Y existe, en segundo lugar, el delator sinóptico, esto es, el chivato. El sembrador de cizaña, planta parecida al trigo pero cuya semilla es venenosa, no se adscribe a ninguna razón instrumental, como sí hace el soplón. Más bien se funde y confunde con el terreno, como la propia espiga de la cizaña se confunde con la del trigo, espoleado por la intención de hacer daño.
La panopsis pone la realidad a tiro al colocarse en el puesto de traviesa. Este, en jerga cinegética, es el puesto que en una montería sitúa en el centro de la mancha, es decir, el terreno por donde pasan las piezas a batir. Ahora bien, el panóptico, por definición, dispara a bulto. Raya a tanta altura como el águila, pero, el situarse tan alejado de la presa, solo advierte de los objetivos más grandes: aquila non capit muscas…
La sinopsis, en cambio, conoce y reconoce el terreno porque se ha fundido con él. Si la mirada panóptica mira desde el puesto de montería, la mirada sinóptica serpentea al rececho, lo que exige entrar con sigilo en el territorio para mimetizarse con él. Sin-opsis es, al fin y al cabo, mirar con tus propios ojos y con los ojos del otro.
El chivatazo de Muñoa nos enseña una verdad generalmente inadvertida, y resulta por ello más elucidario que cien papers a cuento de Foucault y la biopolítica. El premio que recibe no es cobrarse una pieza o apuntarse un tanto, como haría el soplón, sino enseñorearse del terreno, ejercitándose en el acecho por el acecho.
El aniversario del asesinato de Miguel Ángel Blanco me ha pillado leyendo el espléndido Vida escaparate (Almuzara) de la ensayista argentina Julia Lescano. Buena forma de entender el paso del panóptico, en que uno vigilaba a todos, al sinóptico, en que todos vigilan a unos cuantos, es su análisis de «los mirados». Estos, según su brillante descripción, trabajan en la superficie de las pantallas, lo que les impide zambullirse en nada profundo, y viven en permanente disponibilidad, de tal suerte que «su propio espacio doméstico se convierte en una estación de vigilancia constante».

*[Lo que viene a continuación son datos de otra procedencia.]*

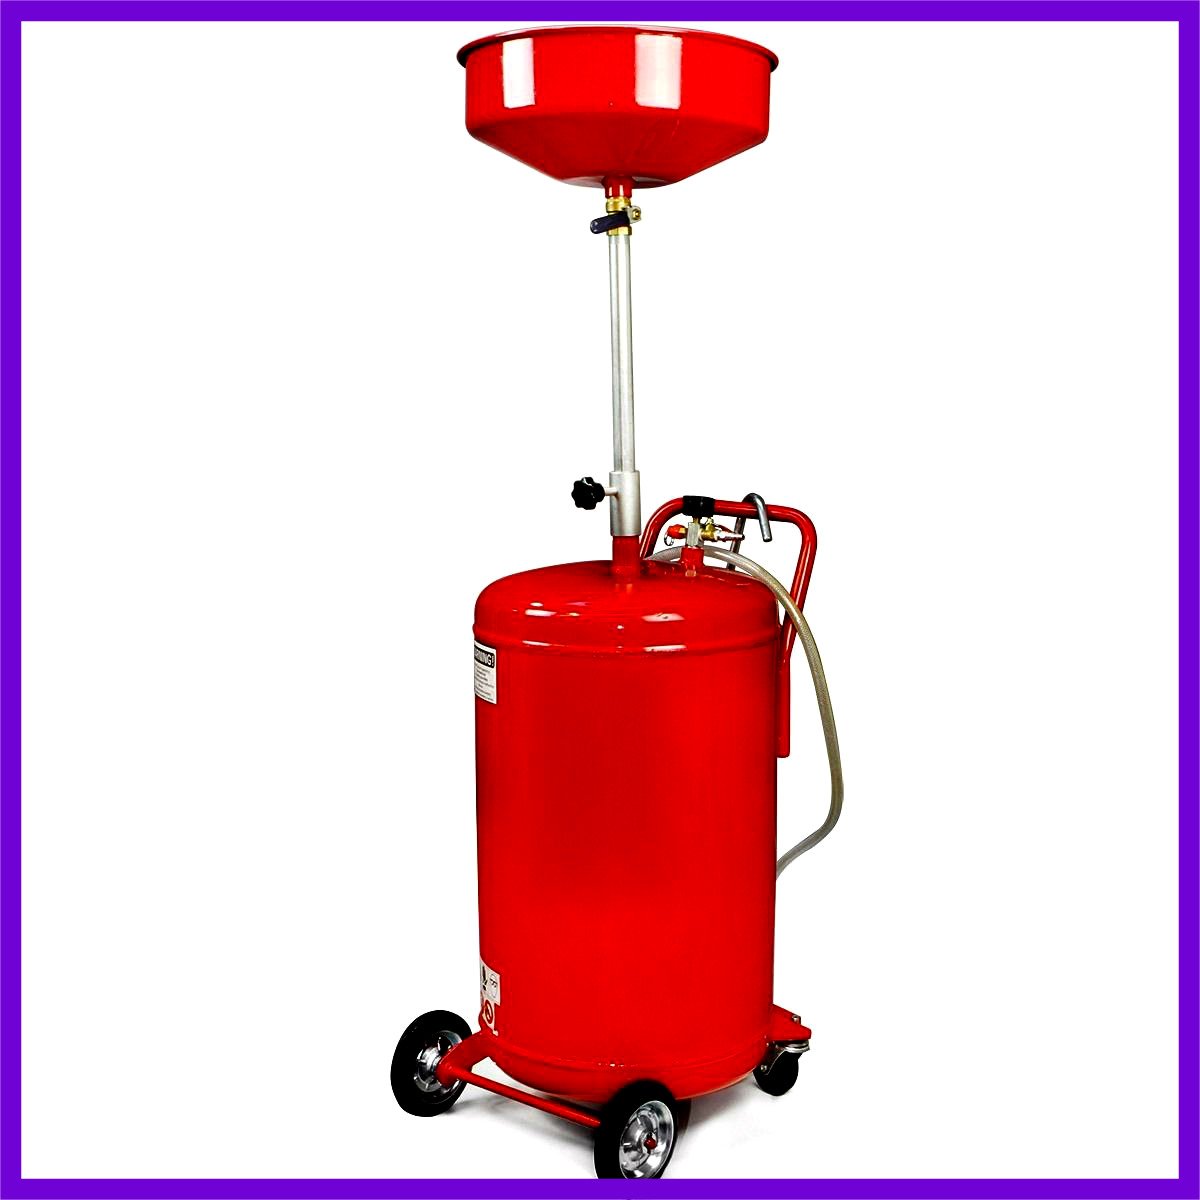 Portable Oil Drain Tank Container 20 Gallon Waste Air Operated Drainer Drainage Lift Auto

Este tipo de vigilancia es, sobra decirlo, anterior a las redes sociales. A uno se le viene a las mientes aquella escena irrepetible de Grandes esperanzas, la novela de Dickens, en que el odioso señor Pumblechock dirigía su negocio mirando el del carnicero. Este, a su vez, se ganaba la vida escrutando al panadero, quien, al mismo tiempo, permanecía en su puesto con los ojos fijos en el farmacéutico…
Cuando hay sinopsis no hace falta panopsis. Por eso el censor es innecesario cuando, emboscados entre las jaras y retamas, menudean chivatos y delatores. Sea como fuere, benditos sean estos tiempos en que ser vigilados no supone arriesgar la nuca.